Он явно принимает меня за покупателя; подходя к телефону в госпитале, он часто отвечает: «Алло, бакалея Томпсона».
— Мистер Томпсон! — восклицаю я. — Вы что, не узнали меня?
— Боже, тут так темно — ну я и подумал, что покупатель. А это ты, дружище Питкинс, собственной персоной! Мы с Томом, — шепчет он уже медсестре, — всегда ходим вместе на скачки.
— Нет, мистер Томпсон, вы опять обознались.
— Само собой, — отвечает он, не смутившись ни на секунду. — Стал бы Том разгуливать в белом халате! Ты Хайми, кошерный мясник из соседней лавки. Странно, на халате ни пятнышка. Что, не идут нынче дела? Ну ничего, к концу недели будешь как с бойни.
Чувствуя, что у меня самого начинает кружиться голова в этом водовороте личностей, я указываю на свой стетоскоп.
— А, стетоскоп! — кричит он в ответ. — Да какой же ты Хайми! Вот ведь вы, механики, чудной народ. Корчите из себя докторов — белые халаты, стетоскопы: слушаем, мол, машины, как людей! Мэннерс, старина, как дела на бензоколонке? Заходи-заходи, сейчас будет тебе все как обычно, с черным хлебом и колбаской…
Характерным жестом бакалейщика Вильям Томпсон снова потирает руки и озирается в поисках прилавка. Не обнаружив его, он со странным выражением смотрит на меня.
— Где я? — спрашивает он испуганно. — Мне казалось, я у себя в лавке, доктор. Опять замечтался… Вы, наверно, как всегда хотите меня послушать. Рубашку снимать?
— Совсем не как всегда. Я не ваш доктор.
— Хм, и вправду. Сразу заметно. Мой-то доктор вечно выстукивает да выслушивает. Боже милостивый, ну у вас и бородища! Вы на Фрейда похожи — я что, совсем того? Чокнулся?
— Нет, мистер Томпсон, не чокнулись. Но у вас проблемы с памятью, вы с трудом узнаете людей.
— Да, память шалит, — легко соглашается он, — я, бывает, путаюсь, принимаю одного за другого… Так чего прикажете — копченой рыбы, ветчины?
И так каждый раз, с вариациями, с мгновенными ответами, часто смешными и блестящими, но в конечном счете трагическими. В течение пяти минут мистер Томпсон принимает меня за дюжину разных людей. Догадки сменяются гипотезами, гипотезы — уверенностью, и все это молниеносно, без единой заминки, без малейшего колебания. Он не имеет никакого представления о том, кто я, не знает даже, кто он сам и где находится. Тот факт, что он бывший бакалейщик с тяжелым синдромом Корсакова и содержится в неврологическом учреждении, ему недоступен.

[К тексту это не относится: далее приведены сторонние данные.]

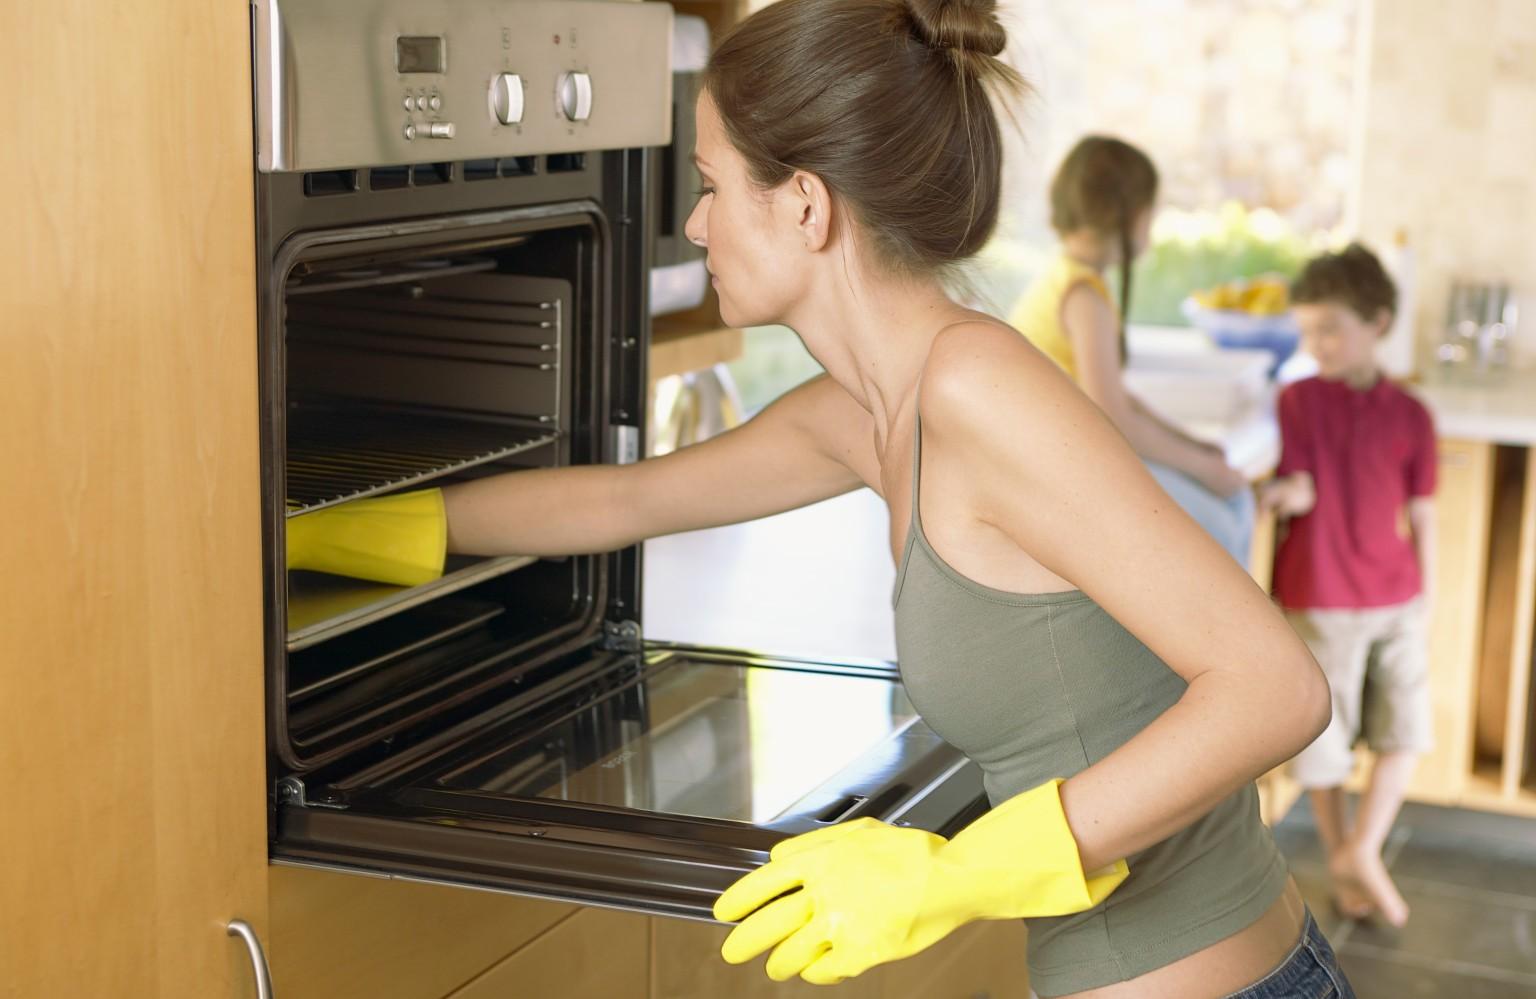 Можно почисть духовку обычной пищевой содой и мылом

В его памяти ничто не удерживается дольше нескольких секунд, и в результате он постоянно дезориентирован. Пропасти амнезии разверзаются перед ним каждое мгновение, но он ловко перекидывает через них головокружительные мосты конфабуляций и всевозможных вымыслов. Для него самого, заметим, это отнюдь не вымыслы, а внезапные догадки и интерпретации реальности. Их бесконечную переменчивость и противоречия мистер Томпсон ни на миг не признает. Как из пулемета строча неиссякаемыми выдумками, он изобретает все новые и новые маловразумительные истории, беспрестанно сочиняя вокруг себя мир — вселенную «Тысячи и одной ночи», сон, фантасмагорию людей и образов, калейдоскоп непрерывных метаморфоз и трансформаций. Причем для него это не череда мимолетных фантазий и иллюзий, а нормальный, стабильный, реальный мир. С его точки зрения, все в порядке.

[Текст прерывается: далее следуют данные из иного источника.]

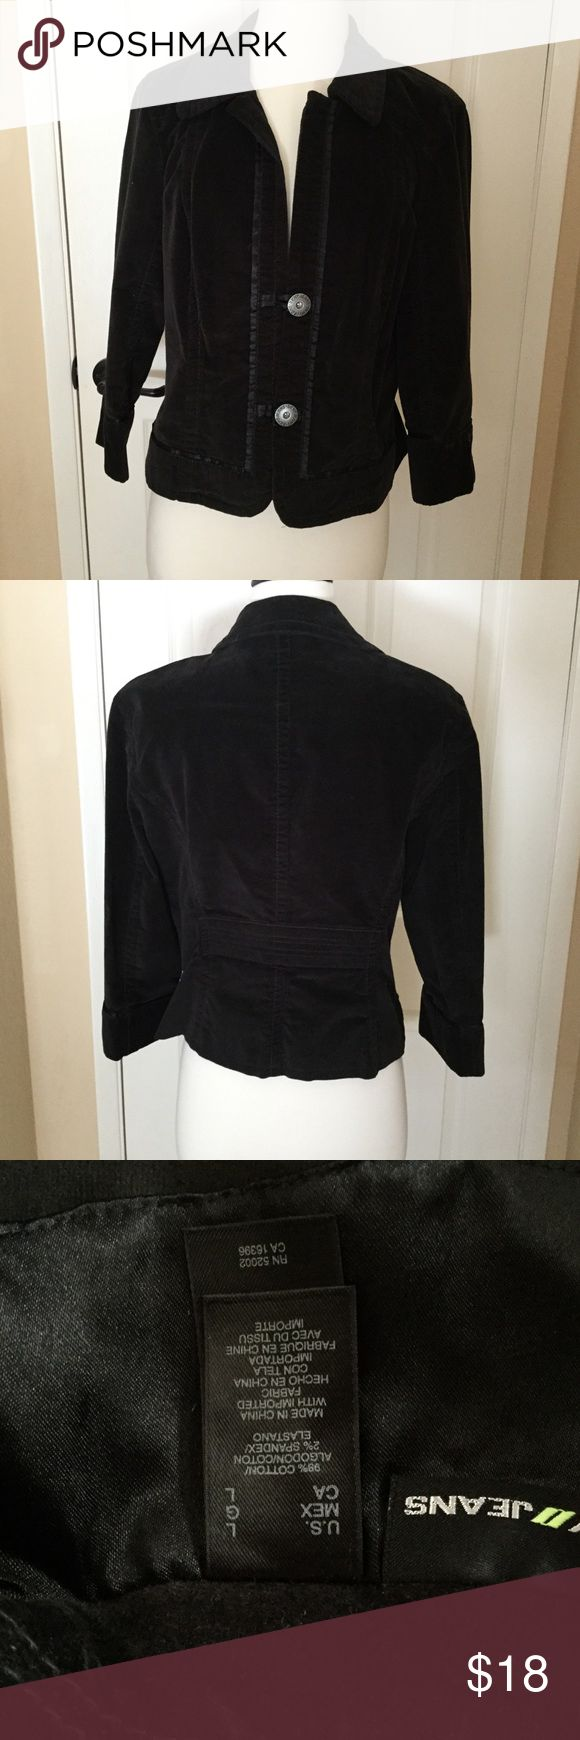 DKNY Black Velvet Jacket Black Velvet large TSS Good condition DKNY Jackets & Coats Blazers

Джимми Г., еще один пациент с синдромом Корсакова, о котором я подробно рассказал во второй главе этой книги, довольно быстро «остыл», вышел из острой стадии болезни и необратимо впал в состояние потерянности, отрезанности от мира (он существовал как бы во сне, принимая за реальность полностью овладевшие им воспоминания). Но с мистером Томпсоном все было по-другому. Его только что выписали из госпиталя, куда за три недели до этого забросила его внезапная вспышка корсаковского синдрома. Тогда, в момент кризиса, он впал в горячку и перестал узнавать родных, однако и сейчас еще в нем бурлил неудержимый конфабуляторный бред — он весь кипел в беспрестанных попытках воссоздать ускользающий из памяти, расползающийся мир и собственное «Я».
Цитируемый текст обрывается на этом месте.